Anche un massaggio defaticante può alleviare i fastidi dovuti all’acido lattico ancora in circolazione. Un buon massaggio defaticante e decontratturante è efficace perchè rilassa il muscolo dopo l’attività agonistica e ne migliora i tempi di recupero. Migliora la circolazione, l’acido lattico viene smaltito e aumenta l’ossigenazione dei tessuti. Un buon massaggio defaticante dovrebbe essere fatto da un professionista perchè sia maggiormente efficace e rilassante. In mancanza di un professionista possiamo procedere sfiorando leggermente con i polpastrelli la parte dolorante (il polpaccio, il braccio etc.) in modo da scaldare la parte e riattivare la  circolazione sanguigna e linfatica. Possiamo aiutarci anche con una crema defaticante. Ricche di principi attivi e dall’azione rinfrescante e riattivante, alcune creme defaticanti sono formule innovative a gel, molto facili da stendere  e non necessitano di massaggio  prolungato.

Tutti questi rimedi sono alternativi fra loro?

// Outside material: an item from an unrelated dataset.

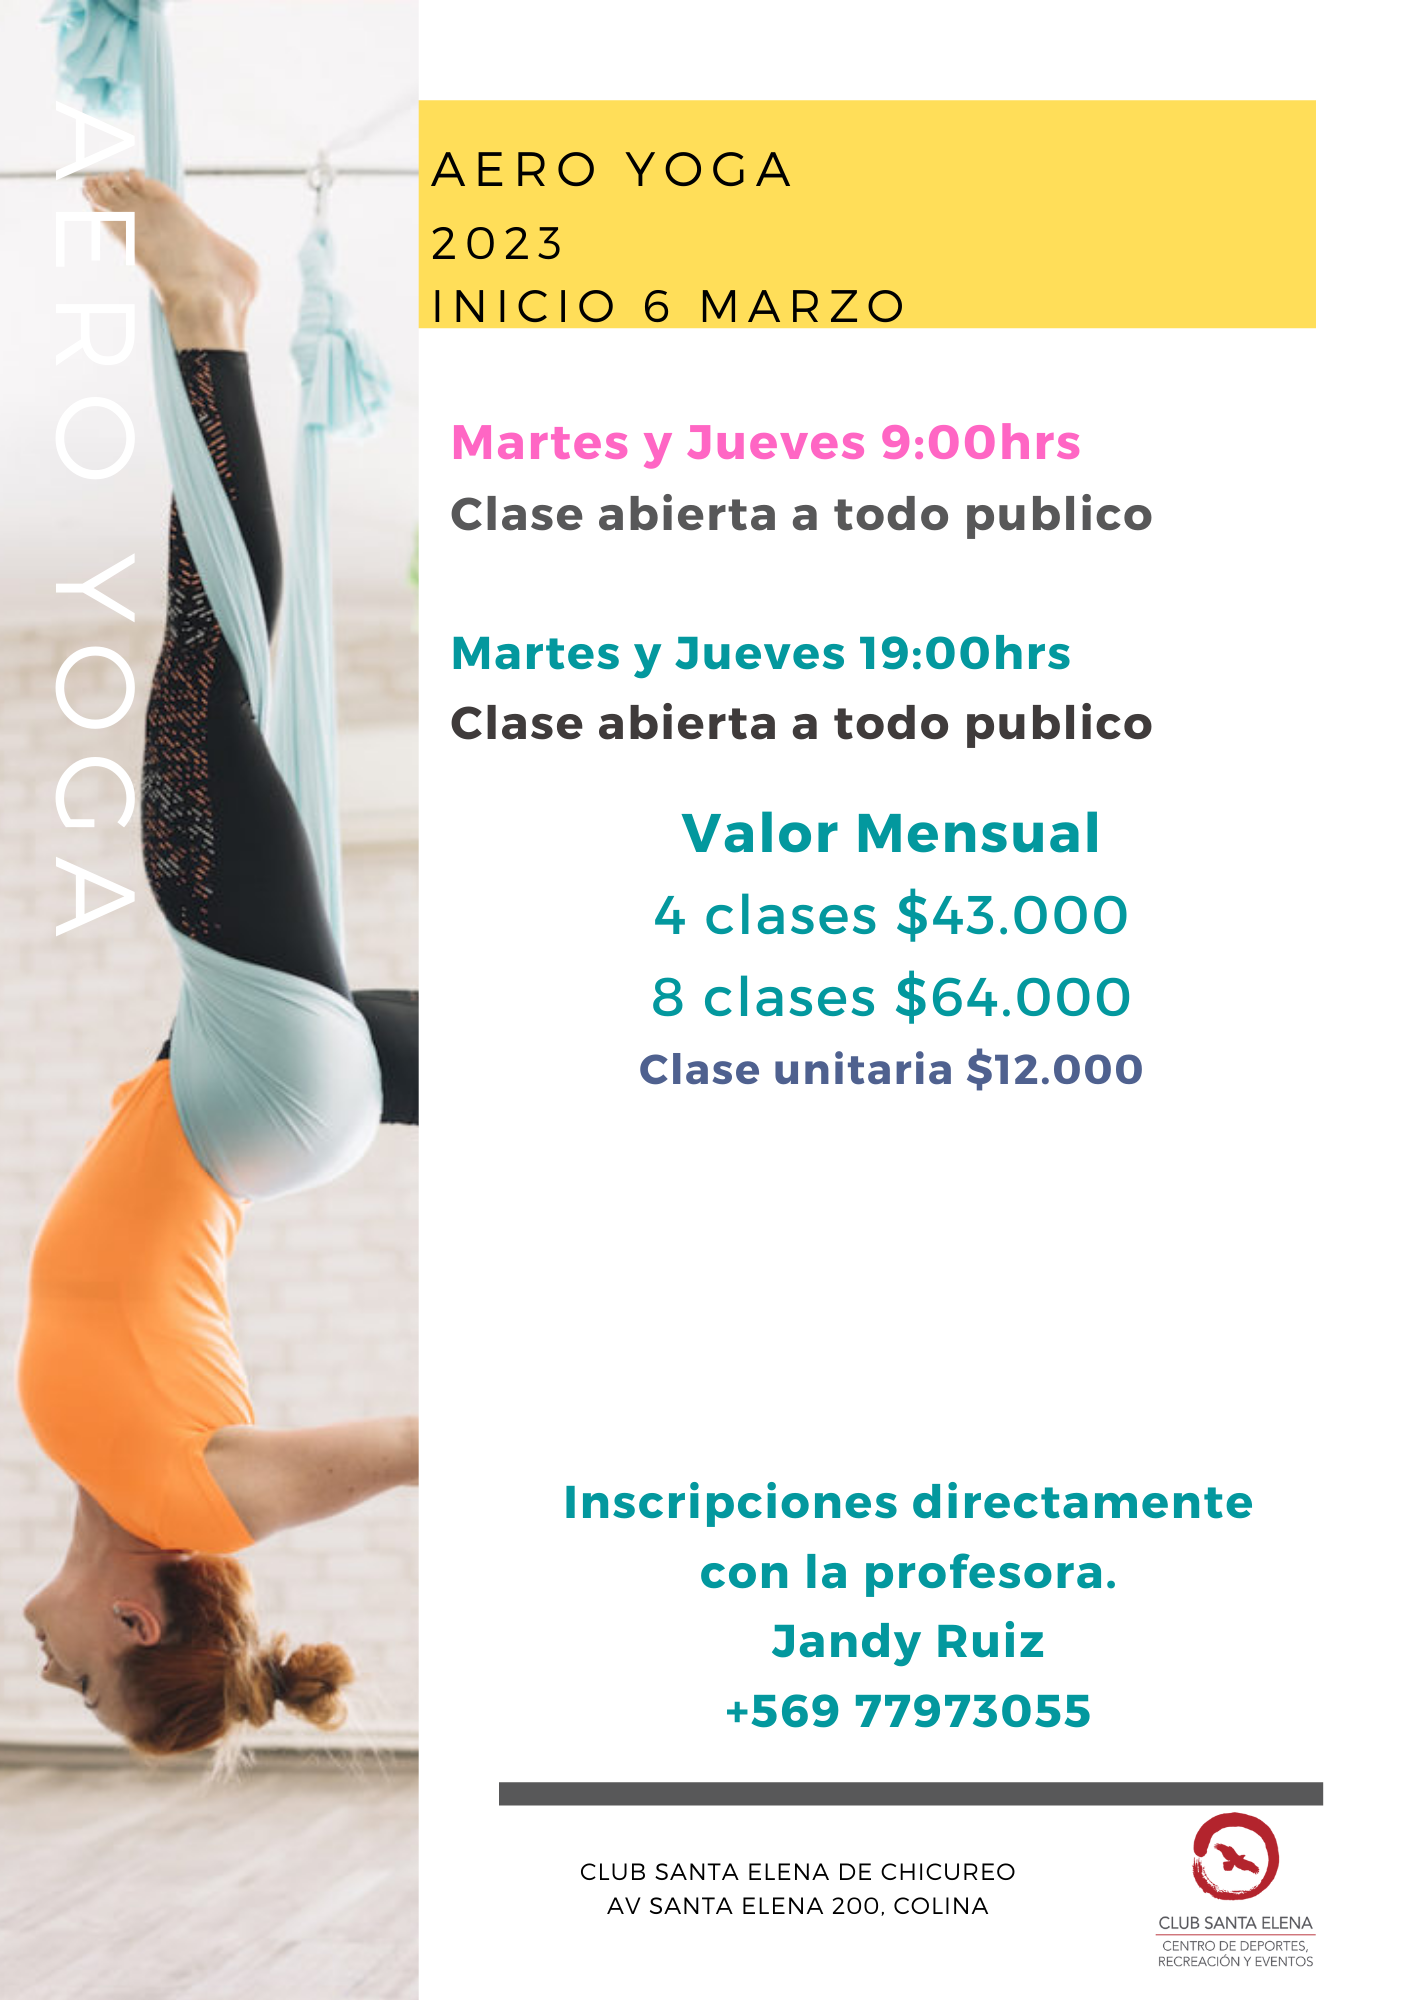 Avant Pilates in Chicureo, RM, CL

Possiamo affermare che nessuno di questi rimedi è il migliore in assoluto. Non esiste una “graduatoria”. Tutti possono rivelarsi molto efficaci. Molto dipende dallo stato di allenamento. A un atleta professionista basta un bagno caldo o un leggero massaggio per decontratturare la zona dolorante, a un sedentario che si è cimentato in una corsa in bicicletta serve molto altro! Per velocizzare i tempi di recupero possiamo combinare in sinergia questi rimedi per smaltire l’acido lattico e favorire il recupero del benessere in tempi immediati. Del resto, chi ci vieta di immergerci nella vasca da bagno, fare un bel massaggio con creme specifiche e poi fare uno spuntino con banane e nocciole? Proprio nessuno! Ognuno con i tempi e i metodi che vuole, troverà il rimedio più opportuno per alleviare il fastidio muscolare prodotto dall’acido lattico in circolo.